DATA SECTION:

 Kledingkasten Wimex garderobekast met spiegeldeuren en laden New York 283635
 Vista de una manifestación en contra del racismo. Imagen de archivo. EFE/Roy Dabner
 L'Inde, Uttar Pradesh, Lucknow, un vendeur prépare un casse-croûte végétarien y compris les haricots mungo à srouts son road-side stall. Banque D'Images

WHAT IS NEEDED: Return exactly, and only, the line containing "Vista de una" and every line after it through the end of the material.

YOUR SOLUTION:
 Vista de una manifestación en contra del racismo. Imagen de archivo. EFE/Roy Dabner
 L'Inde, Uttar Pradesh, Lucknow, un vendeur prépare un casse-croûte végétarien y compris les haricots mungo à srouts son road-side stall. Banque D'Images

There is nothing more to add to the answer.